Data Retrieval Prerequisites

ASAPP will share data with you via a set of S3 buckets. These S3 buckets will be encrypted at rest using AES256 and access-protected behind AWS authentication.

At the customer’s option, the individual download files can be encrypted using a scheme mutually agreed upon between ASAPP and the customer. This is not usually required, but in the event that your enterprise requires ASAPP export files to be doubly encrypted, contact your customer success manager to work out the details.

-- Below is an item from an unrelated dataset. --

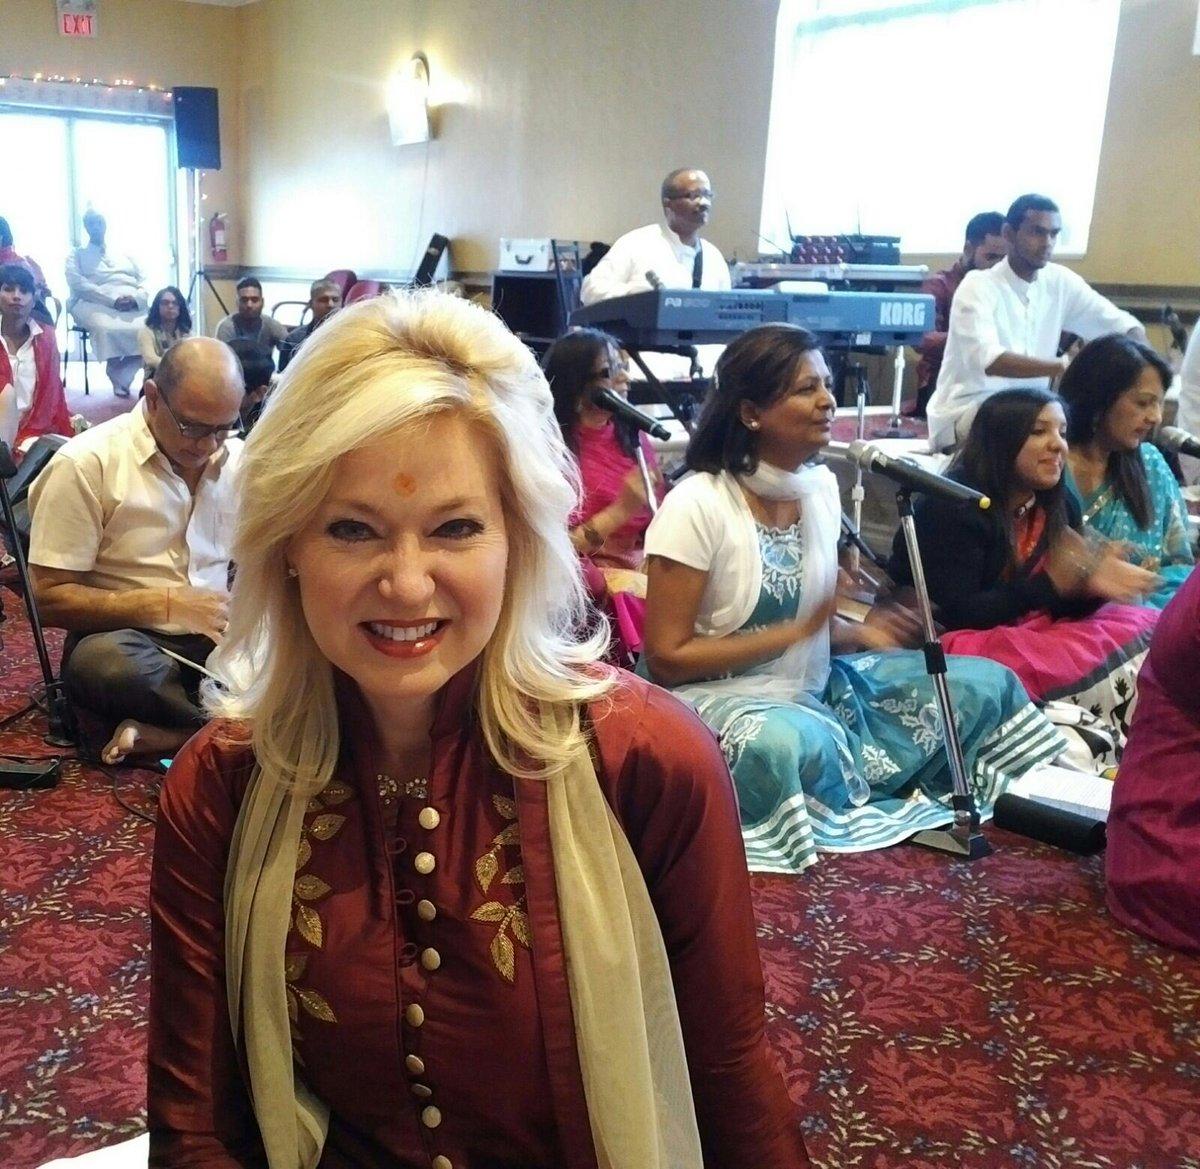 Abdalah Castillo On Twitter Great Shot Very Elegant With The Sari

Authentication Credentials

Each run environment (typically preprod and prod) will be allocated a dedicated set of AWS credentials that are authorized to read from that environment’s respective S3 endpoint. These credentials will be different from other AWS credentials ASAPP might have provided you.

ASAPP will provide credentials to you within a GPG encrypted file. To initiate the credential exchange, you must provide ASAPP with a public GPG key that we may use to encrypt the files containing your credentials. It’s safe to send your public GPG key to ASAPP using any available channel. Please do NOT provide ASAPP with your private GPG key.

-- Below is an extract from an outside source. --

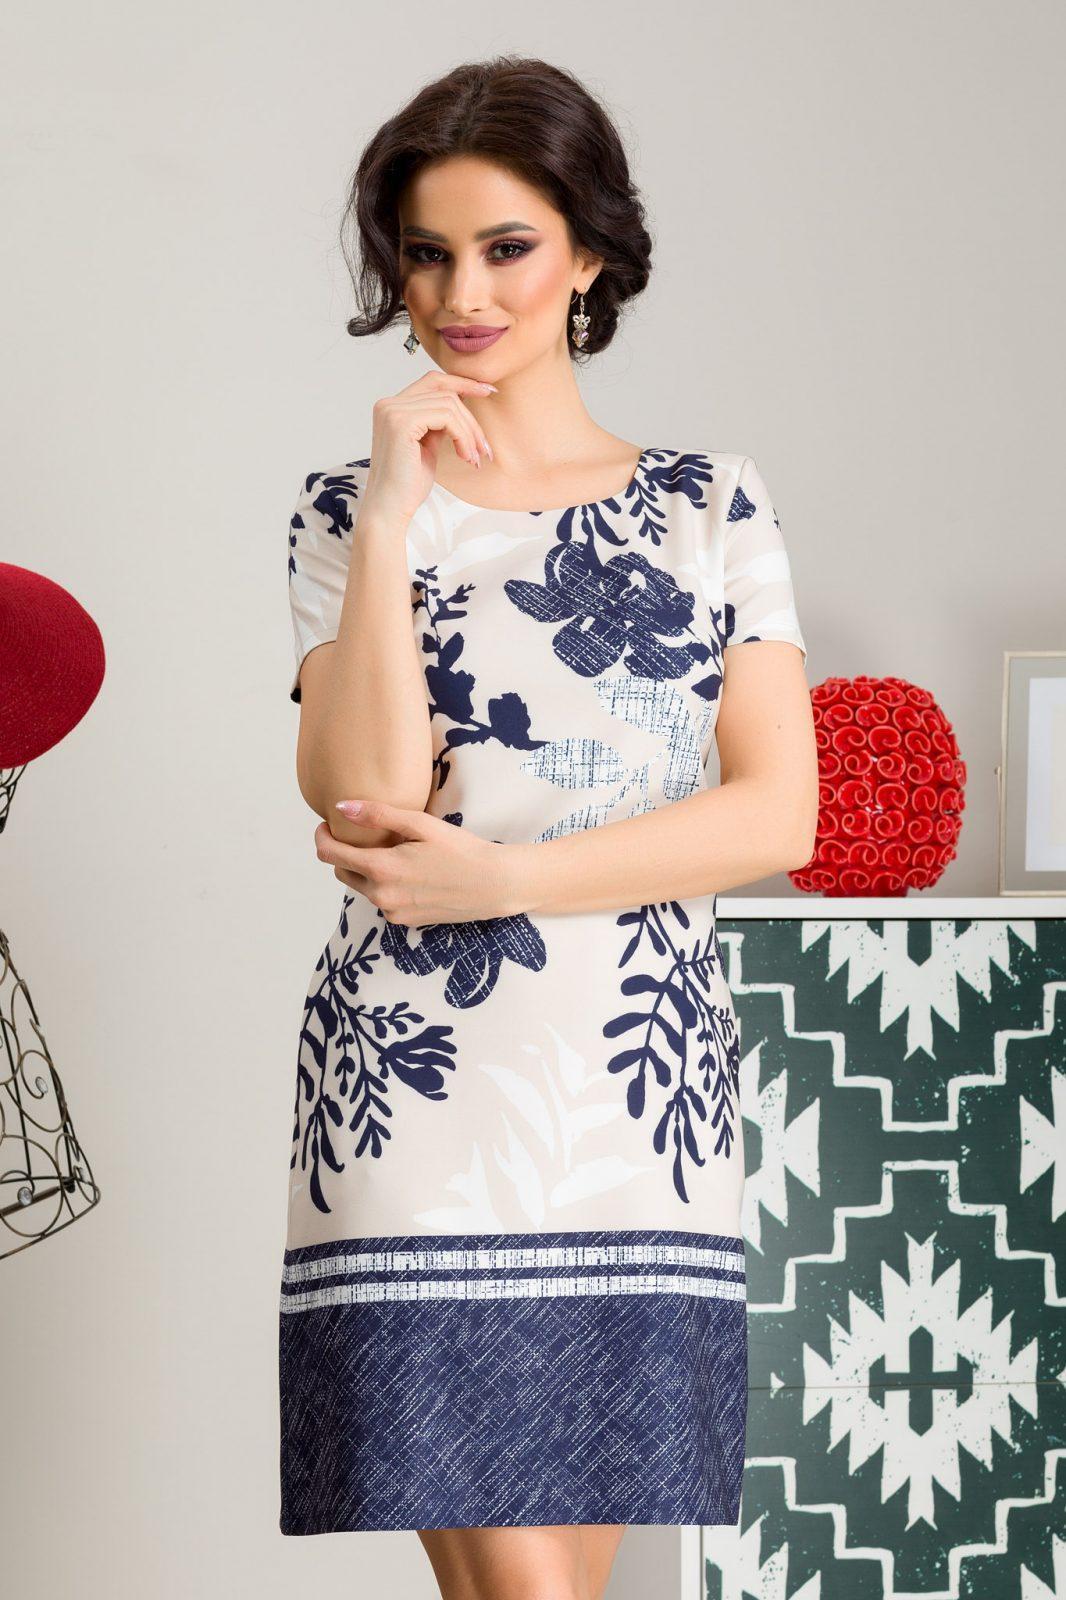 Naylin Μπλε Φόρεμα 7297

GitHub provides one of many good available tutorials on GPG key generation here: https://help.github.com/en/articles/generating-a-new-gpg-key .

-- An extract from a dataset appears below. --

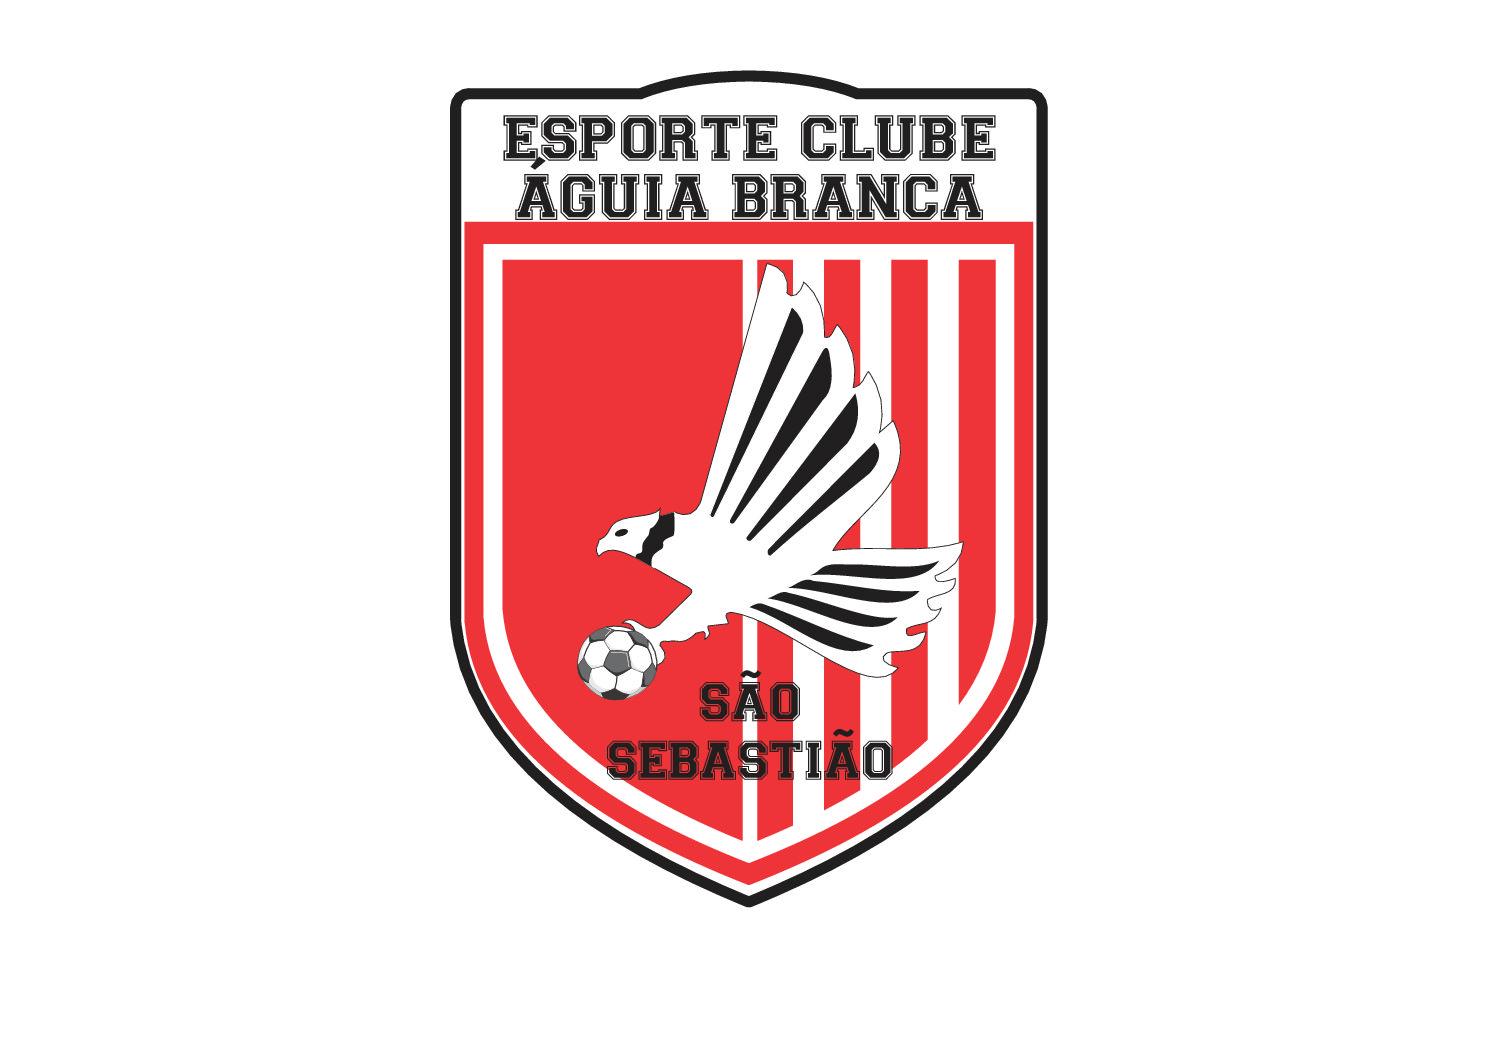 ESPORTE CLUBE ÁGUIA BRANCA

Once you’ve provided ASAPP with your public GPG key, we will provide your credentials in a file hosted on S3 that you will retrieve using an expiring https link. ASAPPs standard practice is to have those links expire after 24 hours.

The file will be encrypted using your public GPG key. Once you decrypt the provided file using your private GPG key, your credentials will be contained within a tab delimited file with the following structure:

id     secret      bucket     sub-folder (if any)

Please let us know when you’ve successfully retrieved and decrypted your credentials file.

Your Dedicated S3 Buckets

Once you’ve securely received credentials that allow you to read from your dedicated S3 buckets, ASAPP will provide you with URIs representing the set of S3 buckets from which you may securely download data files.

ASAPP can make a broad range of data available to you. You’ll work with your Customer Success and Implementation teams to schedule specific feeds for export.

Each separate feed will have a unique S3 endpoint and, potentially, a unique strategy for data partitioning. While the specific details vary according to the feed at hand, ASAPP follows a consistent set of conventions for naming S3 buckets, paths, and partitions.

The following provides details about the conventions.

Bucket Naming

For clarity, ASAPP names buckets using the following convention:

s3://asapp-\{env\}-\{company_name\}-exports-\{aws-region\}

Key

Description

env

Environment (e.g., prod, preprod, test)

company_name

Your company name, without spaces

aws-region

us-east-1

Note: this is the region currently supported for your ASAPP implementations.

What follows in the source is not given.